Deceleration due to air resistance proportionate to velocity

Question

I'm given a question to suppose that an ice skater on a frictionless surface is attempting to reduce his speed. His initial speed is $v_0$. His deceleration (negative acceleration) is purely due to air resistance, given by $F=-kmv^2$, where $m$ is the skater's mass and $k$ is a constant. From the time when he begins to decelerate, what is his speed at time $t$?

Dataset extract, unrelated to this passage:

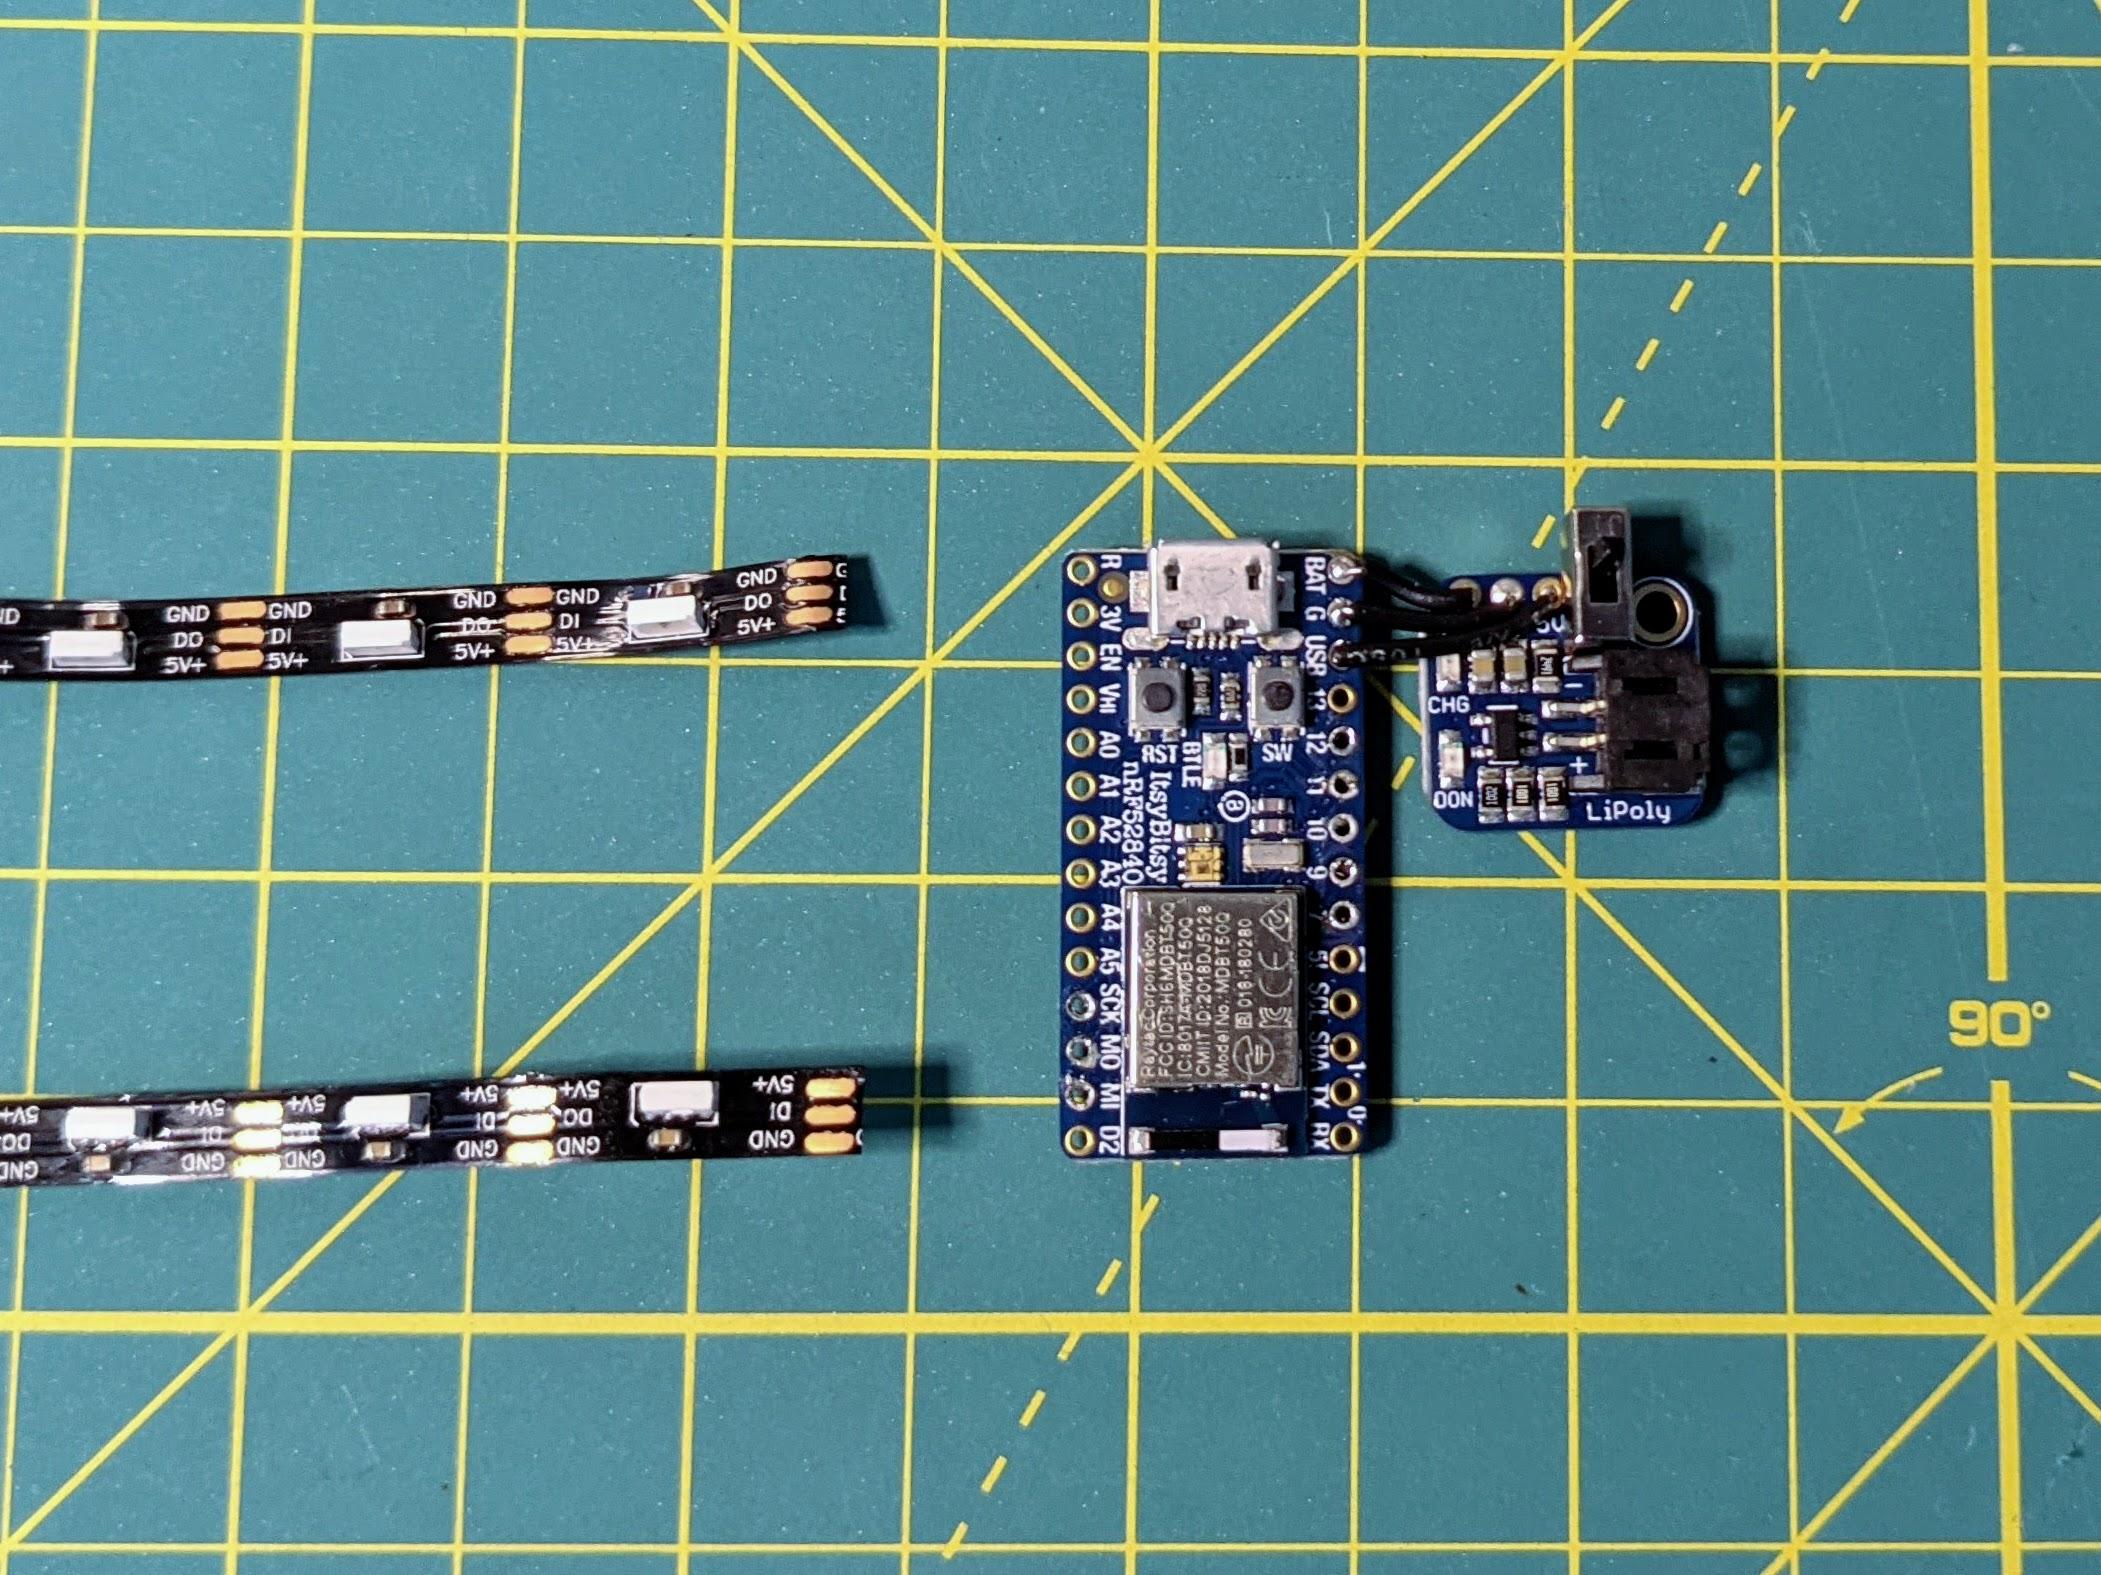 led_strips_PXL_20210125_000557054.jpg

Obviously, firstly I recognise the force of deceleration $F=ma$ is such that $ma=-kmv^2$ Therefore, $$a=-kv^2$$

To find the speed at time $t$, it should be such that: $$\int a \ dt = \int -kv^2 \ dt $$ $$v=-kv^2t$$

But what I'm confused is that the acceleration/deceleration at a given time already depends on its speed which means my previous equation is already wrong since I cannot treat $v$ as a constant. How am I supposed to take this into consideration to find the speed?

Answer 1

Indeed, you cannot solve it that way because $v$ is a function of time. Instead you treat it as a differential equation: $$a = \frac{d v(t)}{dt}=-k v^2(t)$$

This has the solution $$v(t)=\frac{1}{kt+C}$$ and we can solve for $C$ by using the initial condition $v(0)=v_0$ from which we get $$v(t)=\frac{1}{kt+1/v_0}$$

You can plug that back in to check that it satisfies both the differential equation and the initial condition.

Answer 2

The initial equation should be:

ma = -𝑘𝑣2

Then apply answer 1.

Air resistance is a force, not an acceleration. It is not dependent on the mass of the object - just coefficient of drag, density of the air, and cross sectional area of the object. This equation above maintains a mass term in the solution, which makes sense - more massive objects will experience less deceleration at the same air resistance.